Big Tech Looks To Hydrogen For Backup Generation At Data Centers

By: Isabelle Branco-Lo

California’s grid reliability issues, caused by aging infrastructure, have been exacerbated by catastrophic wildfires in recent years. As a result, backup generation has been an increasingly important consideration for utilities, private companies, and regulators alike. Diesel generators are the most common source of backup power in California, however, in January, 2021, the California Energy Commission hosted a workshop where stakeholders revealed they are considering alternatives like hydrogen to replace diesel fuel for backup power.

Silicon Valley Takes Note

Some of the largest commercial and industrial customers in California interested in alternative fuel for backup generation are in Silicon Valley. Data centers account for about 20 GW of diesel generators deployed globally. As some of the biggest tech companies make carbon neutral and carbon negative pledges, backup power will need to come from sources other than fossil fuels.

In July 2020, Microsoft
MSFT
tested hydrogen fuel cells for backup power at its data centers.

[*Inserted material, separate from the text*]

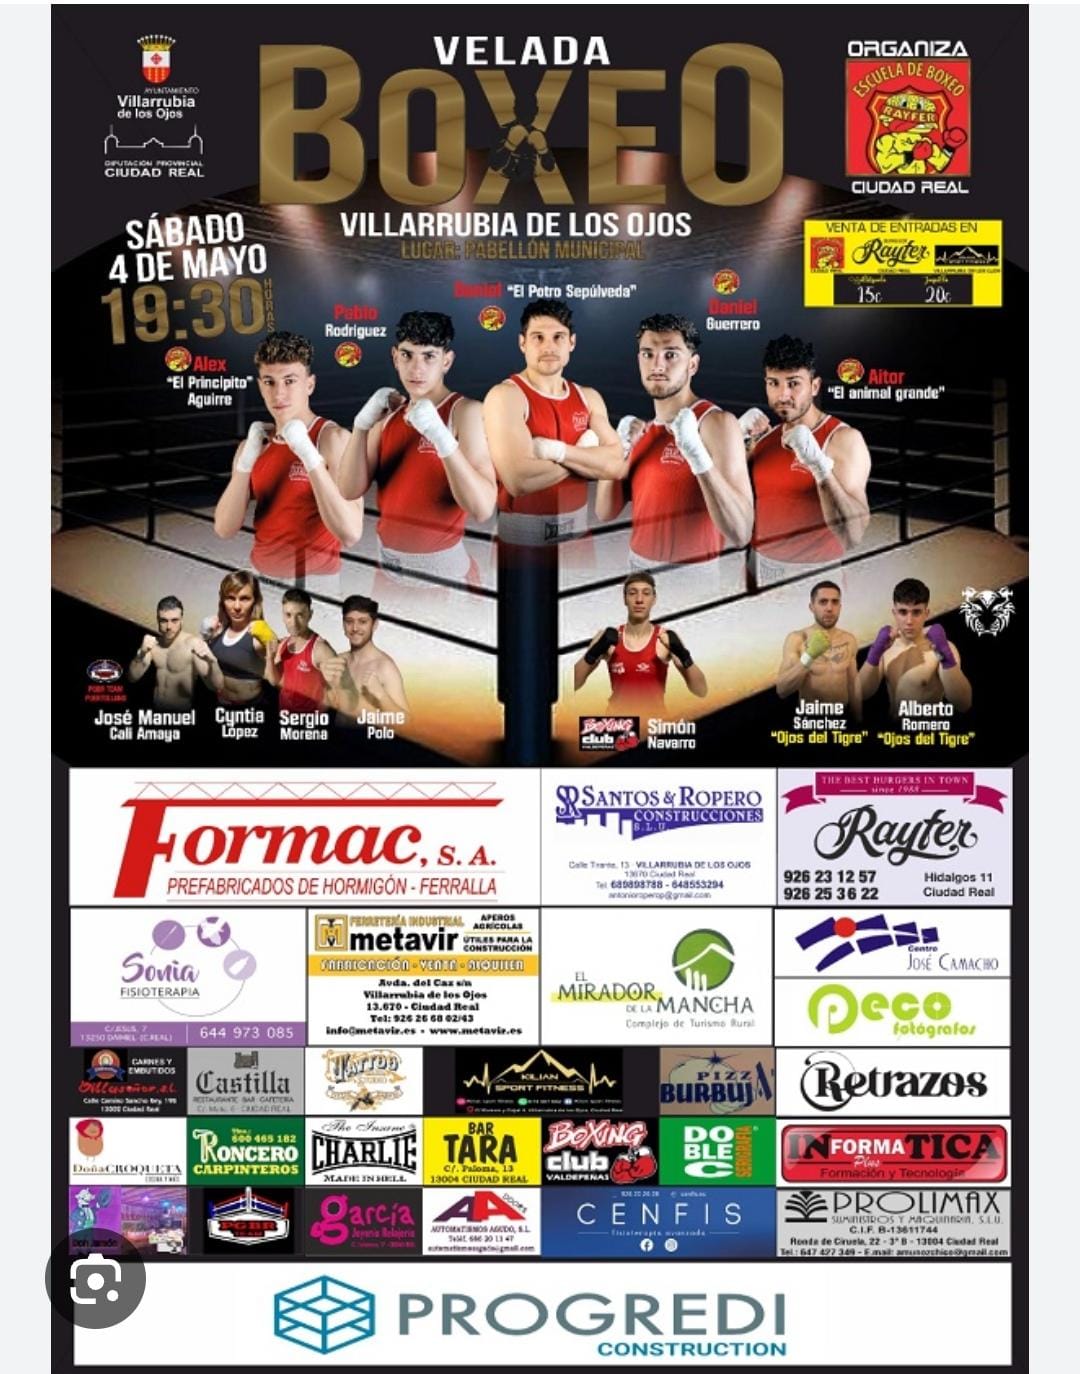 Los mejores boxeadores de la provincia de Ciudad Real se enfrentarán este próximo sábado, 4 de mayo, en la primera Velada de Boxeo en Villarrubia de los Ojos

This move aligns with its commitment to be carbon negative by 2030 and eliminate dependency on diesel fuel by 2030. While still in the exploratory stages of using fuel cells as backup generators, the company hopes to scale the 250 kW system to a 3 MW system, which is equivalent to diesel-powered generators currently at its data centers.

While Google has announced its plans to test batteries for backup, the key draw of hydrogen is its cost-effectiveness at longer durations. When comparing levelized costs for a completely resilient, 100% renewable data center with zero emissions, hydrogen is $119/MWh, while batteries could be over $4,000/MWh to ensure 48 hours of backup power. This finding comes from Jack Brouwer, a professor of mechanical and aerospace engineering at the University of California, Irvine.

Hydrogen Can Power Decarbonization with Multiple Applications

The use cases for hydrogen at data centers extend far beyond backup power. As more and more large tech companies strive to meet carbon neutral and carbon negative emissions goals with onsite power generation, green hydrogen could be created and used for storage and could provide load balancing services to the grid. Storing green hydrogen that has been created onsite by cheap renewable electricity could also be used to power fuel cell vehicles to provide emissions-free onsite transportation. Hydrogen’s versatility and efficiency may prove to be a valuable asset for data centers as they decarbonize in the coming years.